To test this base model, you can run:
python3 test_basemodel.py -o models/mini/<model_name>
Replace <model_name> with the name of the trained model you want to evaluate. The results will be saved in the provided output path.
You can also reproduce the results from the manuscript using the full Pfam dataset. Note that his process is significantly slower due to the large size of the dataset.
First, download the required dataset files from the Drive folder and place them into data/full/ in your local repository. You can download them directly using:
gdown --folder 18bD2q-iL2MZE2ddH_-jRp_VDZXoZG8QP --output data/
Next, you need to download the test embeddings from the Drive folder located in full_test.tar.gz, the trained base models and the ensemble weights for the full dataset.

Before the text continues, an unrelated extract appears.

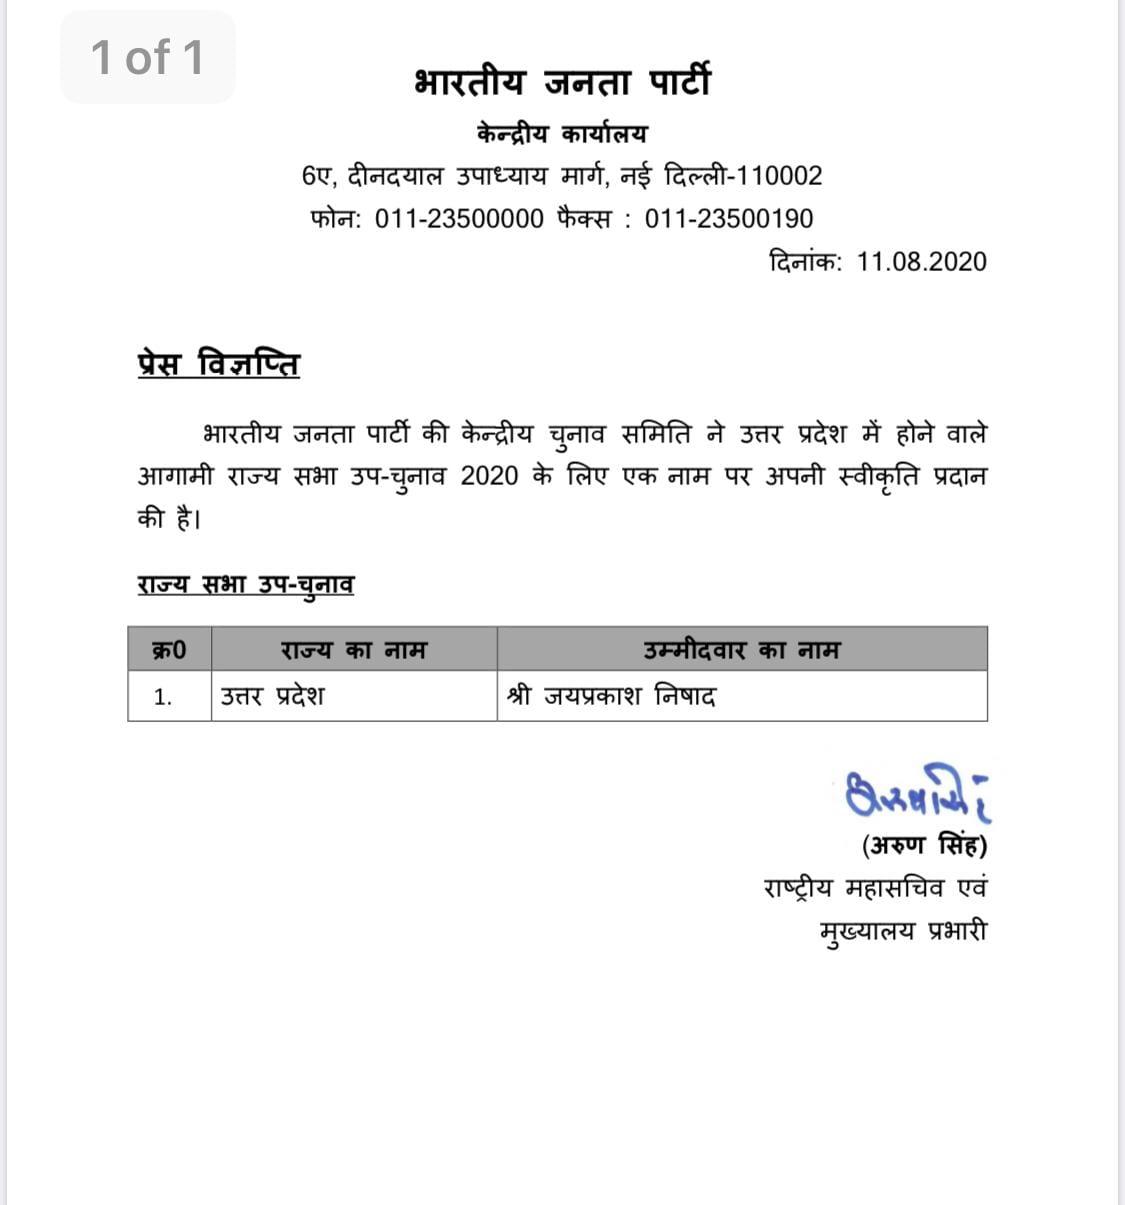 बीजेपी ने जारी किया राज्यसभा चुनाव में प्रत्याशी का नाम

From the repository root, run:
gdown 1HFsSCg-z7NqKwdMfxgj8y1-Ux1X7zJnJ --output data/full_test.tar.gz
tar -xzf data/full_test.tar.gz -C data/embeddings/
gdown 179qTQ-1akdUIkdfjcrxo5X1OOLvEboMl --output models/full.tar.gz
tar -xzf models/full.tar.gz -C models/
Once all the files are in place, set the dataset field to full, of config/base.json to indicate you are working with the full Pfam data instead of the mini version:
sed -i 's/mini/full/g' config/base.json
Then you can run the ensemble using all voting strategies evaluated in the manuscript:
python3 test_ensemble.py -v all -m models/full/
This will reproduce the results for the full Pfam dataset, as reported in the paper. To verify the results:
cat results/full/ensemble_metrics.csv
To compute ensemble weights for the full Pfam base models, you need the dev embeddings full_dev.tar.gz and extract them as follows:
gdown 1kRJjLYgzNWwWLHZcZa5oTKiWAEX3cyHn --output data/full_dev.tar.gz
tar -xzf data/full_dev.tar.gz -C data/embeddings/
Then run the ensemble training script with:
python3 train_ensemble.py -v all -m models/full/
To train base models from scratch, first download the training embeddings. Since the dataset is very large, the files are split into multiple zip archives. You can download them directly from the Drive folder.
Once all parts are downloaded, place them inside data/full_train/ and then run:
cat data/full_train/* > data/full_train.tar.gz
tar -xzf data/full_train.tar.gz -C data/embeddings/
This will concatenate the parts into a single archive and extract the embeddings into the data/embeddings/ folder.
The training script can be executed as follows:
python3 train_basemodel.py -o models/full/<model_name>/
Replace <model_name> with any name of your choice for the experiment.